| Activity |
Leave out the pictures and set down the rest of the listing below word for word.

| Data |
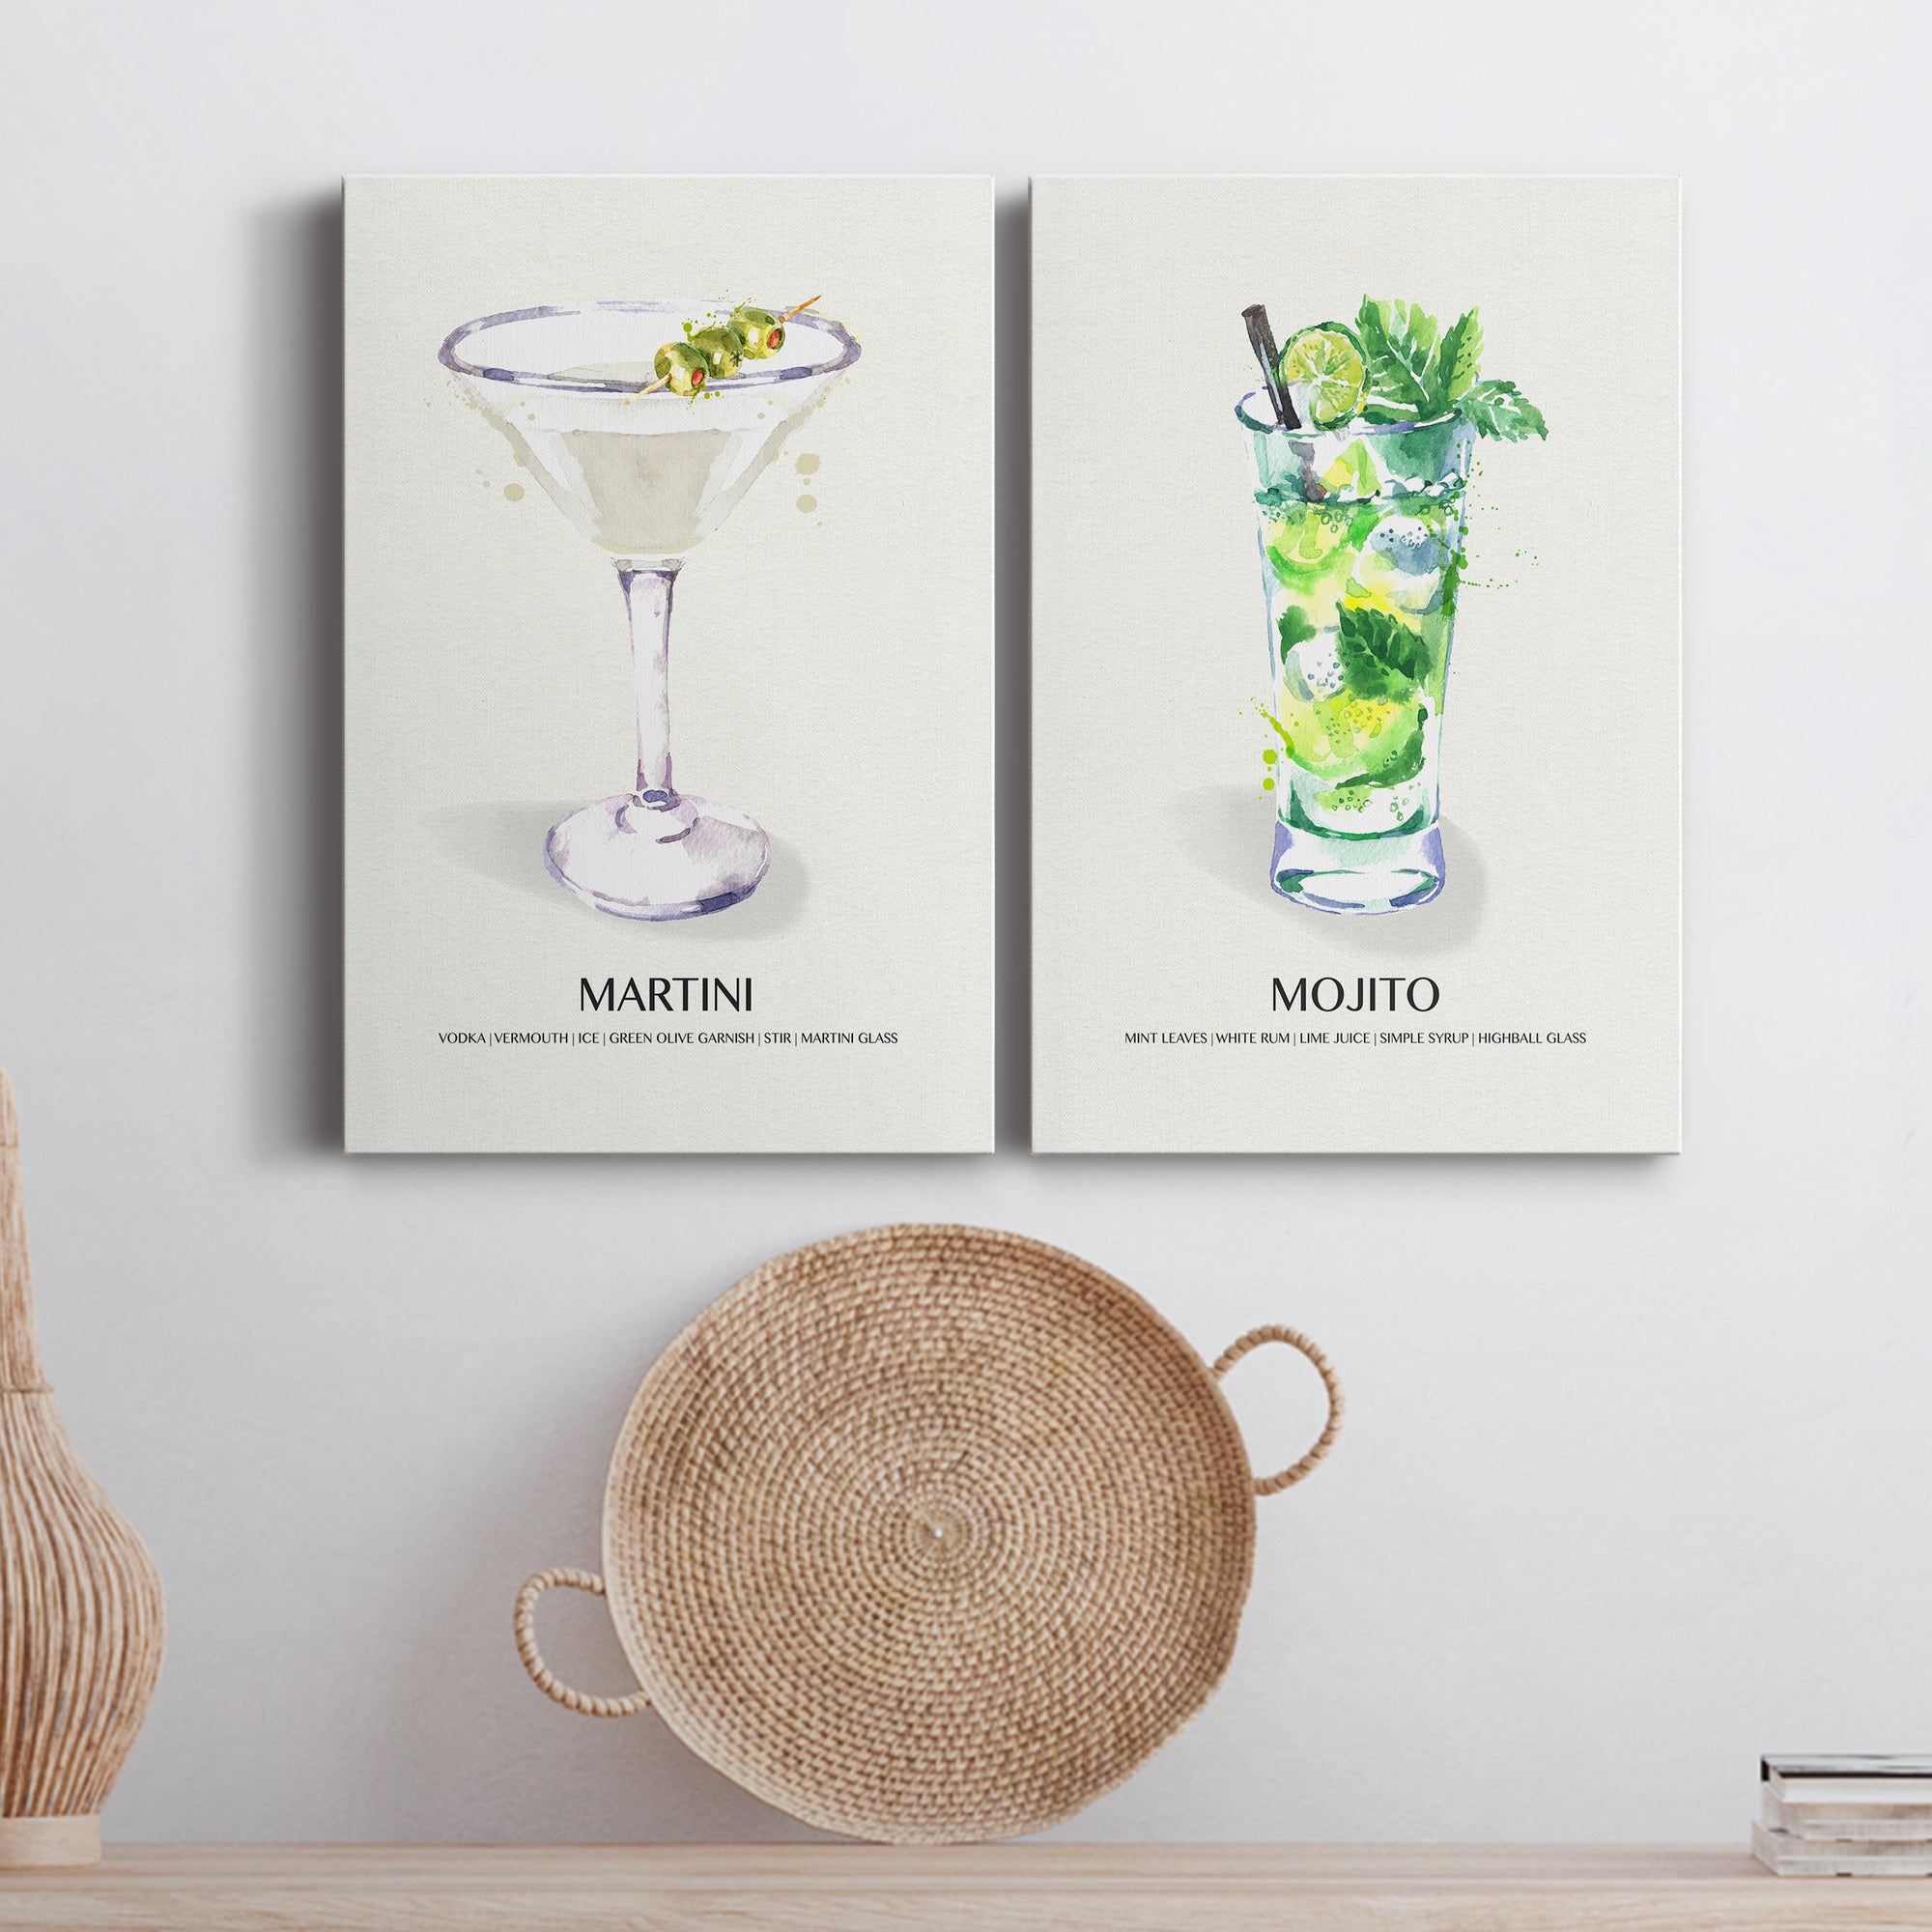 Martini Premium Gallery Wrapped Canvas - Ready to Hang - Set of 2 - 8 x 12 Each
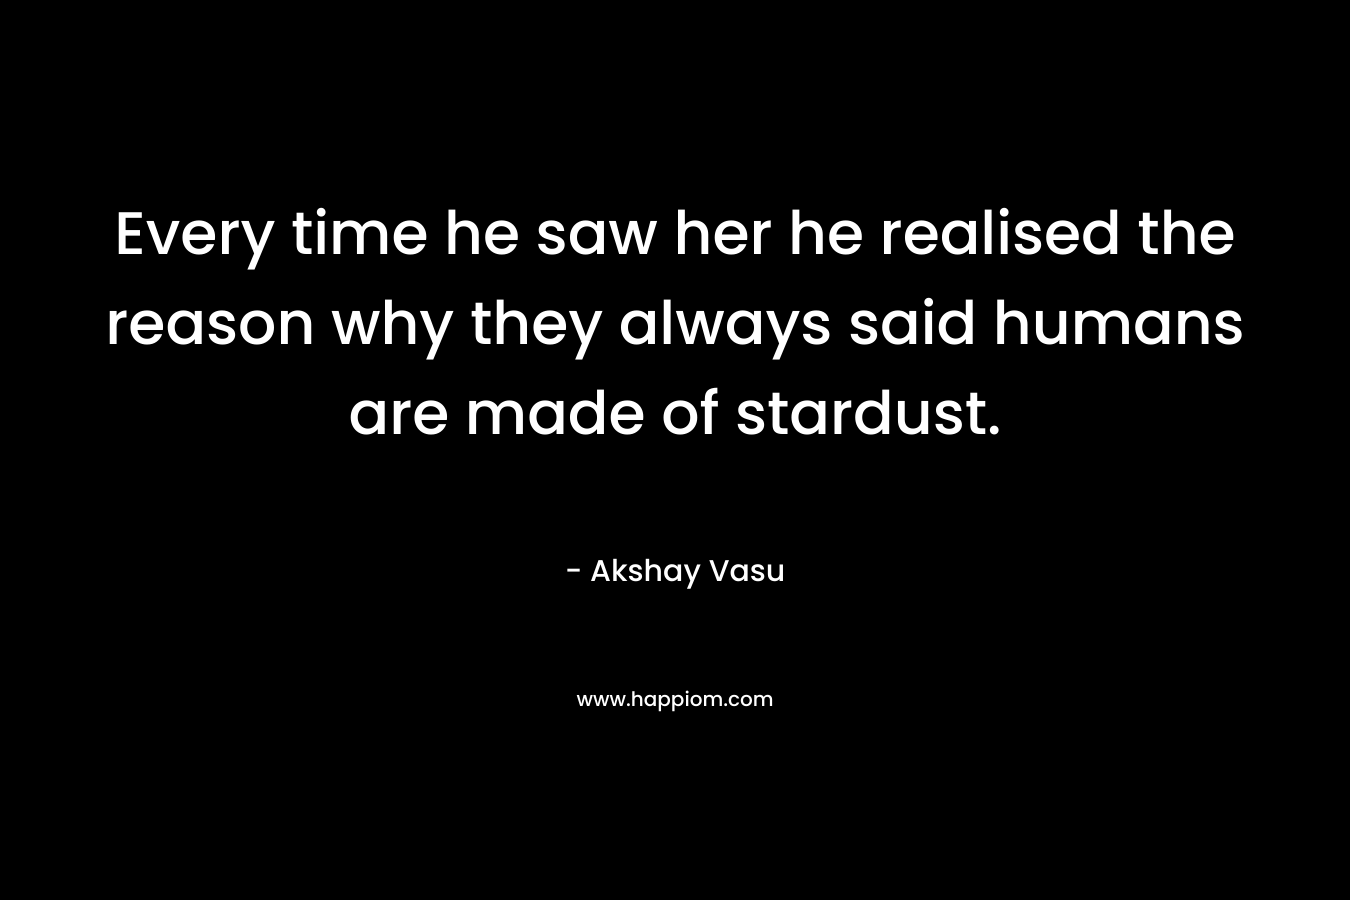 Every time he saw her he realised the reason why they always said humans are made of stardust. – Akshay Vasu
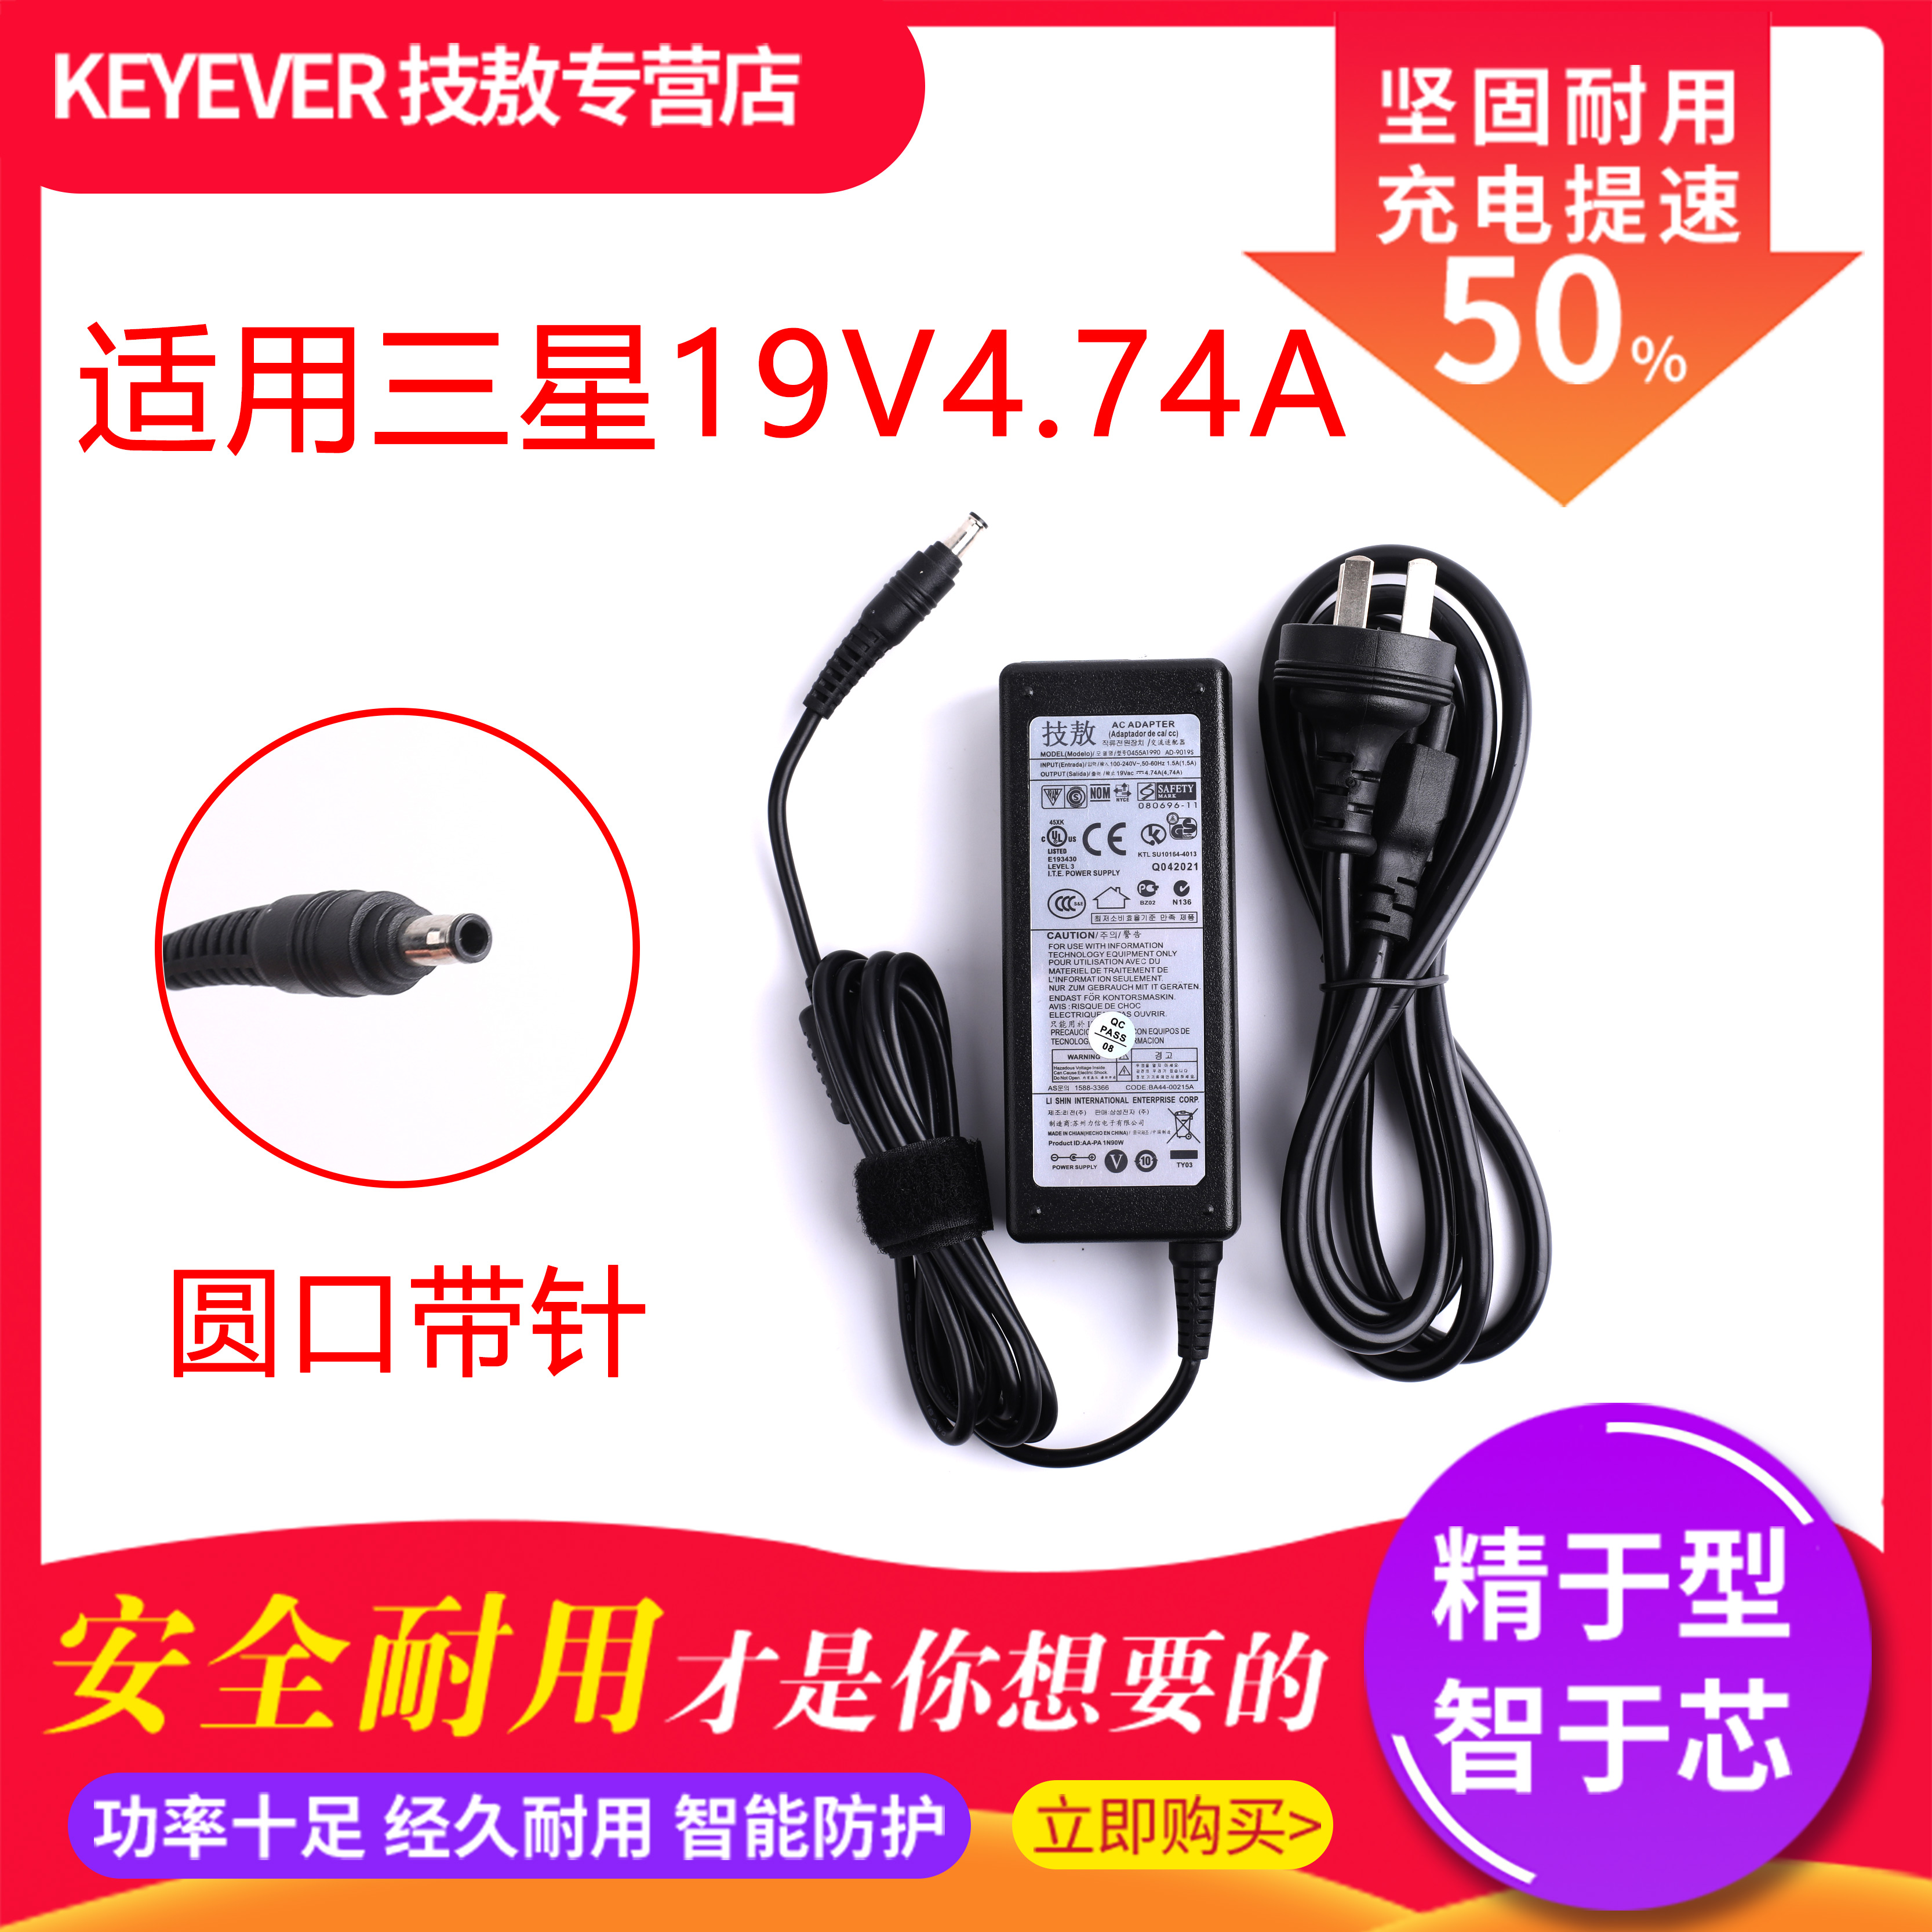 Samsung Power Adapter 19V 4.74A Charger R25 R18 R15 Q45 X11P30 / 40

| Answer section |
 Martini Premium Gallery Wrapped Canvas - Ready to Hang - Set of 2 - 8 x 12 Each
 Every time he saw her he realised the reason why they always said humans are made of stardust. – Akshay Vasu
 Samsung Power Adapter 19V 4.74A Charger R25 R18 R15 Q45 X11P30 / 40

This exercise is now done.